Environmental Info:
k3s version v1.18.6+k3s1 (6f56fa1d)
Node(s) CPU architecture, OS, and Version:
AWS - t3a.medium - 4GB, 2CPU
Linux ip-172-20-3-222 5.4.0-1018-aws #18-Ubuntu SMP Wed Jun 24 01:15:00 UTC 2020 x86_64 x86_64 x86_64 GNU/Linux
Cluster Configuration:
➜ kubectl get node
NAME STATUS ROLES AGE VERSION
ip-172-20-3-222.us-east-2.compute.internal Ready single 13d v1.18.6+k3s1
Describe the bug:
Occasionally the k3s server instance has an internal timeout (will file a different issue for that) and systemd will restart the k3s service. When this happens k3s will re-apply the node-role.kubernetes.io/master=true label to the node.
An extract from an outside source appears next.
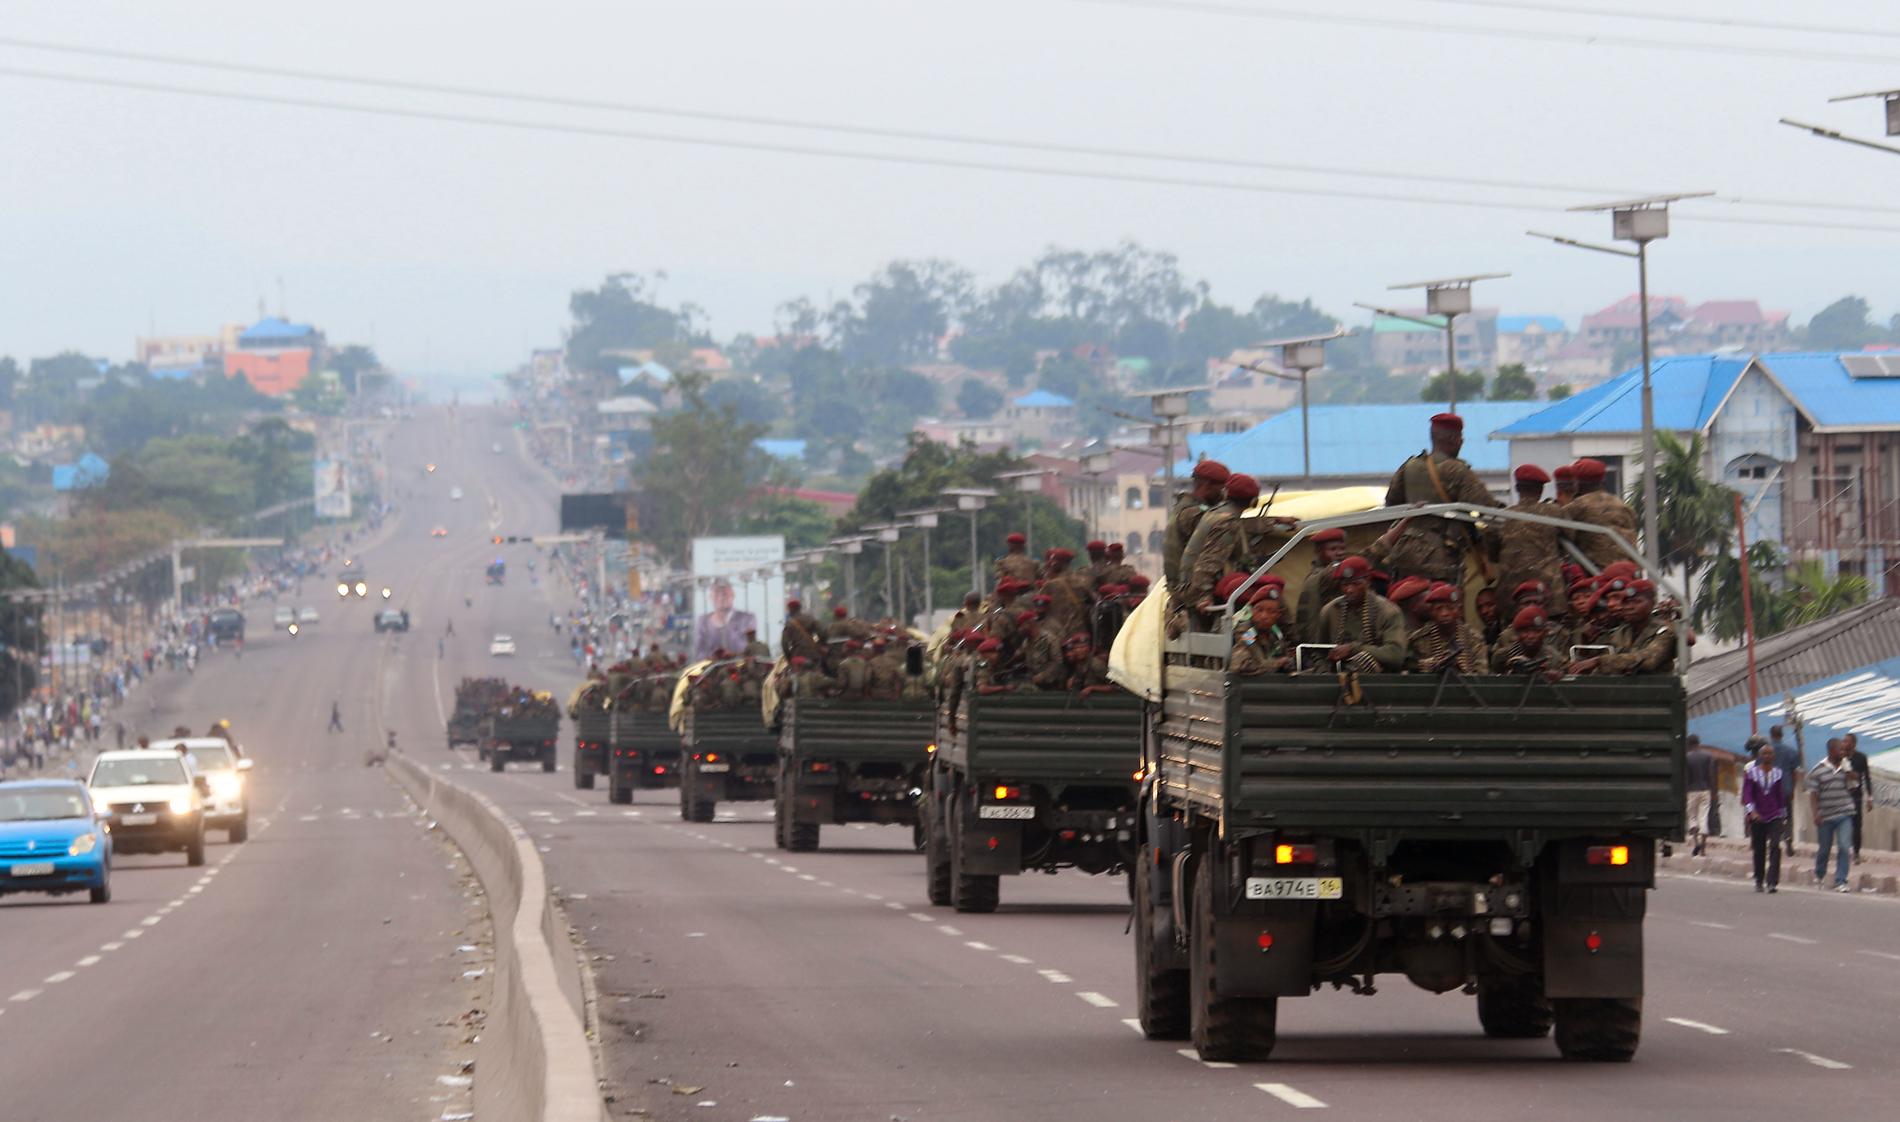 På bilden syns kongolesiska regeringsstyrkor. Bilden har ingen koppling till händelsen i artikeln.

This "breaks" the AWS CCM since that service will not add master nodes to the CCM managed AWS load balancer pools.
Steps To Reproduce:
Add single role label and remove master role label
➜ kubectl label node ip-172-20-3-222.us-east-2.compute.internal 'node-role.kubernetes.io/single="true"'
➜ kubectl label node ip-172-20-3-222.us-east-2.compute.internal node-role.kubernetes.io/master-
Validate that only the single role is enabled
➜ kubectl get node
NAME STATUS ROLES AGE VERSION
ip-172-20-3-222.us-east-2.compute.internal Ready single 13d v1.18.6+k3s1
Restart k3s service
systemctl restart k3s.service
Expected behavior:
Only single role label should be applied
kubectl get node
NAME STATUS ROLES AGE VERSION
ip-172-20-3-222.us-east-2.compute.internal Ready single 13d v1.18.6+k3s1
Actual behavior:
master label has been reapplied
kubectl get node
NAME STATUS ROLES AGE VERSION
ip-172-20-3-222.us-east-2.compute.internal Ready master,single 13d v1.18.6+k3s1
@jgreat - semi-unrelated - Im curious how you are sidestepping this issue with an external CCM https://github.com/rancher/k3s/issues/1807
(we are introducing a fix and i wonder how it meshes with whatever you are doing to work around it)
I'm adding the "raw" ccm manifest via cloud-init to /var/lib/rancher/k3s/server/manifests and have an install script that wraps around k3s install to provide the provider-id info and re-label the node after it comes up.
install.sh
#!/bin/bash
provider_id="$(curl -s http://169.254.169.254/latest/meta-data/placement/availability-zone)/$(curl -s http://169.254.169.254/latest/meta-data/instance-id)"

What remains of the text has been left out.